Founding Fathers Friday: Thomas Heyward Jr.

by Derrick G. Jeter

Like all of his South Carolina friends, Thomas Heyward Jr. was a dandy—a fine dresser, a fine conversationalist, and a fine friend if you were in need of a pound or two (or a dollar or two). Like the others, he was the son of a rich plantation owner. And like the others, he was a London trained lawyer.

Heyward traveled to the mother country when he was about twenty years old to begin his legal studies at the influential Inner Temple in London. According to an old biography, Heyward “prosecuted his studies with as much zeal as if poverty had been his inheritance, and the bread of his future existence depended upon his personal exertion when he should enter the profession.”

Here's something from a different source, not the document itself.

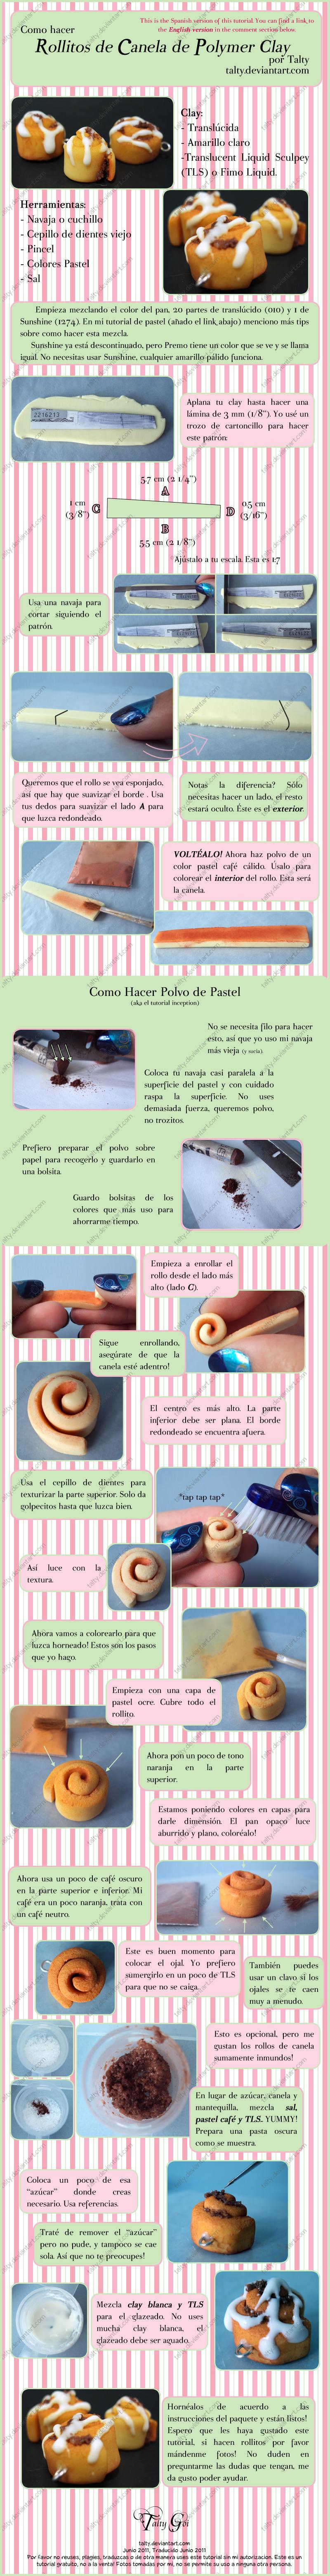 Rollo de Canela de Sculpey by Talty

While Heyward received a top-notice education in the law in London, he also received a top-notice education in London’s social outlook concerning Americans. Native islanders of Great Britain were more than just a bit snooty when it came to their colonial brethren across the sea. Natives viewed colonials as inferior—inferior in breeding, tastes, and education. Slights by blokes on the street was one thing, but slights by blokes in Parliament was something else entirely. And if colonial appointments were any judge of Parliament’s opinion of Americans then the ruling class clearly saw the American colonialists as unable to rule themselves, for all prominent appointments were native islanders. Heyward’s observations of this fact was summed up well in that older biography: “These things, even at that early age, alienated his affection from the mother country, and he returned to his native land with mortified feelings, and a heartfelt desire to free it from the bondage of trans-atlantic rule.”

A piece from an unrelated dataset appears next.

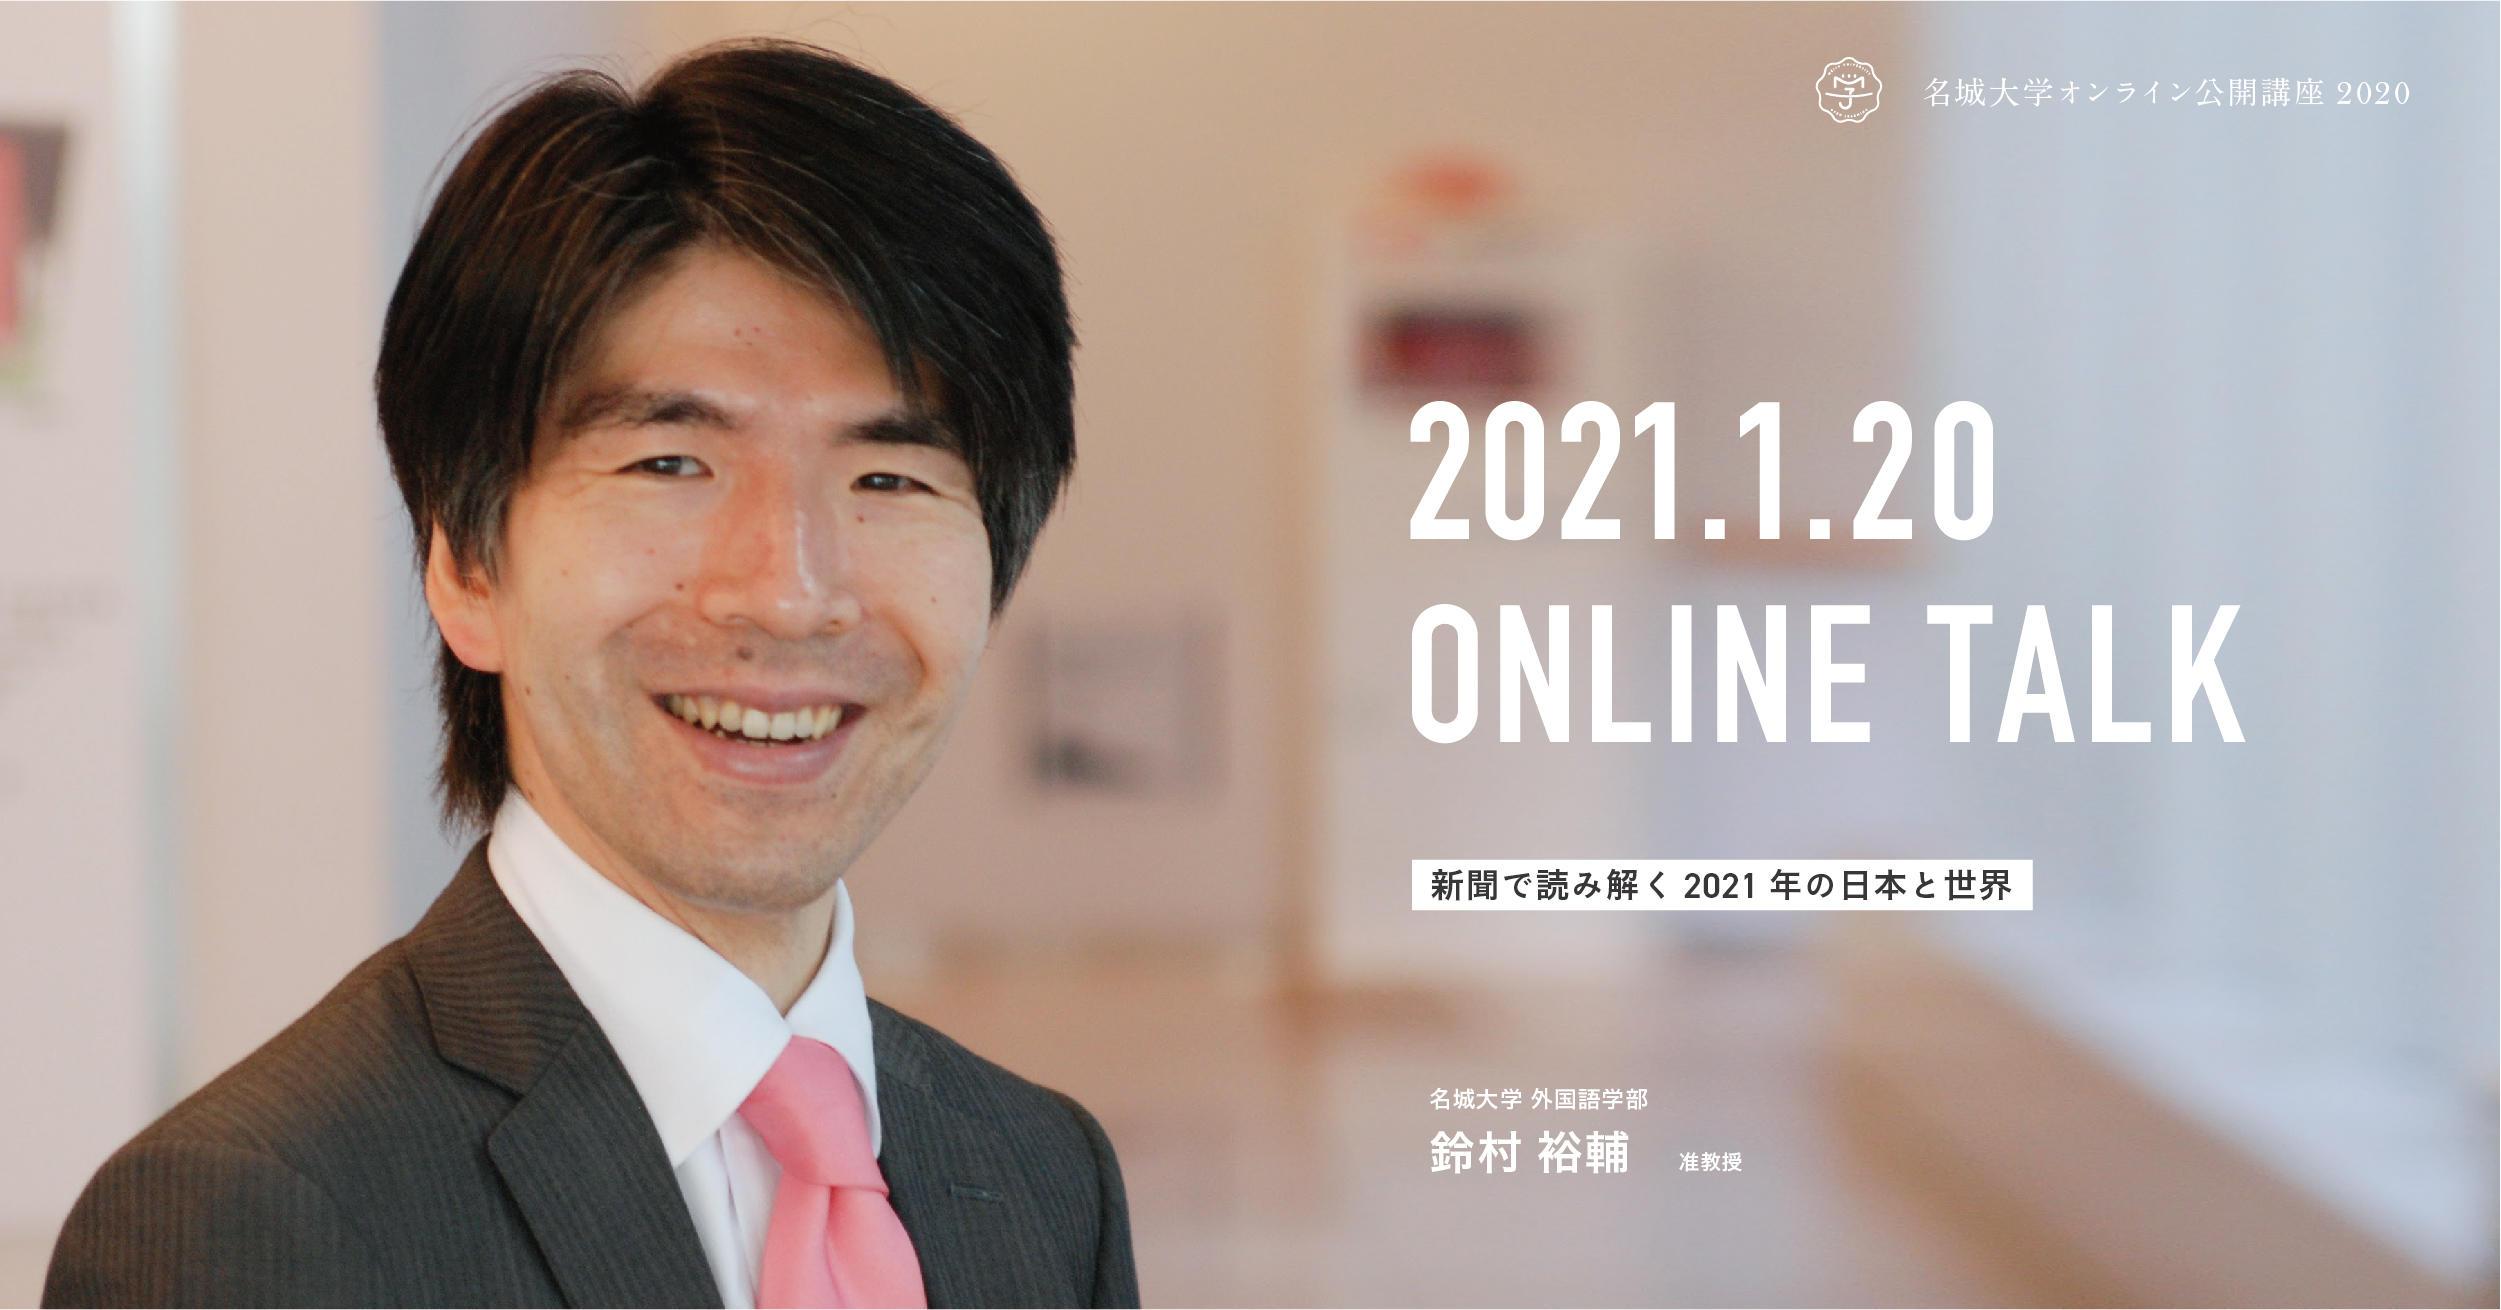 【参加者募集】オンライン公開講座2020 『新聞で読み解く2021年の日本と世界』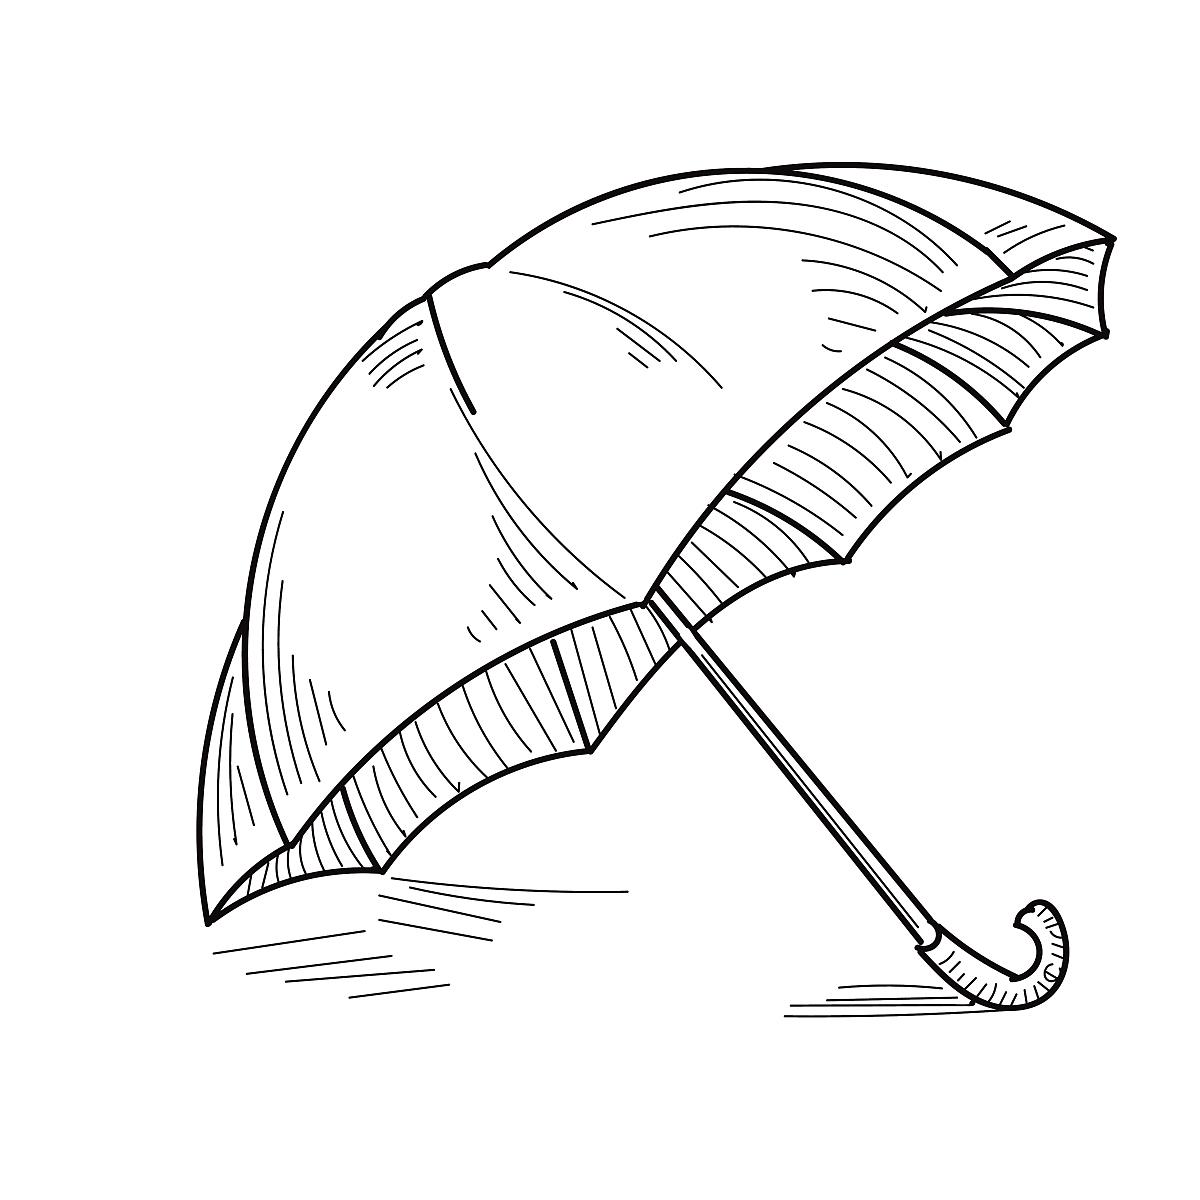 一个物体,简单背景,简单,保护,数码图形,伞,阴影,阳伞,线条画,草图图片

Shaking British dust from his expensive shoes, Heywards returned to South Carolina, hung out his shingle, married, and moved into White Hall, a plantation not far from his childhood home.

He also jumped into patriotic politics.

Heyward opposed the Stamp Act and was outraged at the passage of the Port Bill, which closed the port of Boston after the fabled tea party, fearing that Charleston, the leading port in the South, could befall a similar fate. Because of this, South Carolina patriots were compelled to act. And act they did: they threw out the royal governor, established a new government, and wrote a new constitution. Heyward worked on the drafting committee of the constitution.

In 1775, Heyward was elected to the Continental Congress. At first, he modestly declined the honor, but after a large number of citizens marched through White Hall pressing him to serve he relented and traveled to Philadelphia. Though considered “a firm republican,” Heyward along with the whole South Carolina delegation at first didn’t support Lee’s resolution for independence. But they came around and voted in the affirmative on July 2, 1776. And along with the majority of delegates, Heyward signed the Declaration on August 2.

Heyward left Congress in 1778, but not before he also signed the Articles of Confederation.

When Heyward returned to South Carolina he accepted an appointment as judge of criminal and civil courts. His appointment and his signature on the Declaration of Independence didn’t win him many friends among the tories of the state however. They tried, unsuccessfully until 1780, to have him arrested. Unfortunately for Heyward, he also held the captain’s rank in the militia at the same time and took up arms against Britain. In 1779, at Port Royal Island, he received a gun shot wound which scarred him for life. The following year, British troops marched through White Hall and carried away all his slaves—many of which were sold to Jamaican sugar plantations. Heyward was able to recover some of these slaves, but about 130 were simply gone for good. The estimated value of these slaves, even in 1848 dollars (the year of an early biography), was $50,000.

In May 1780, Heyward was captured while serving in the militia defending Charleston. Eventually, he, along with Edward Rutledge and Arthur Middleton, were sent to St. Augustine, Florida. While in captivity Heyward’s wife sudden died. He was released in July 1781 and made his way back to South Carolina to resume his seat on the bench. He remarried, served in the convention to write a new constitution for the state in 1790, and then retired to “the bosom of his family [where] he bore the honor, which a nation’s gratitude conferred, and there calmly awaited the summons for another world.”

Heyward answered that summons on March 6, 1809, at the age of sixty-three.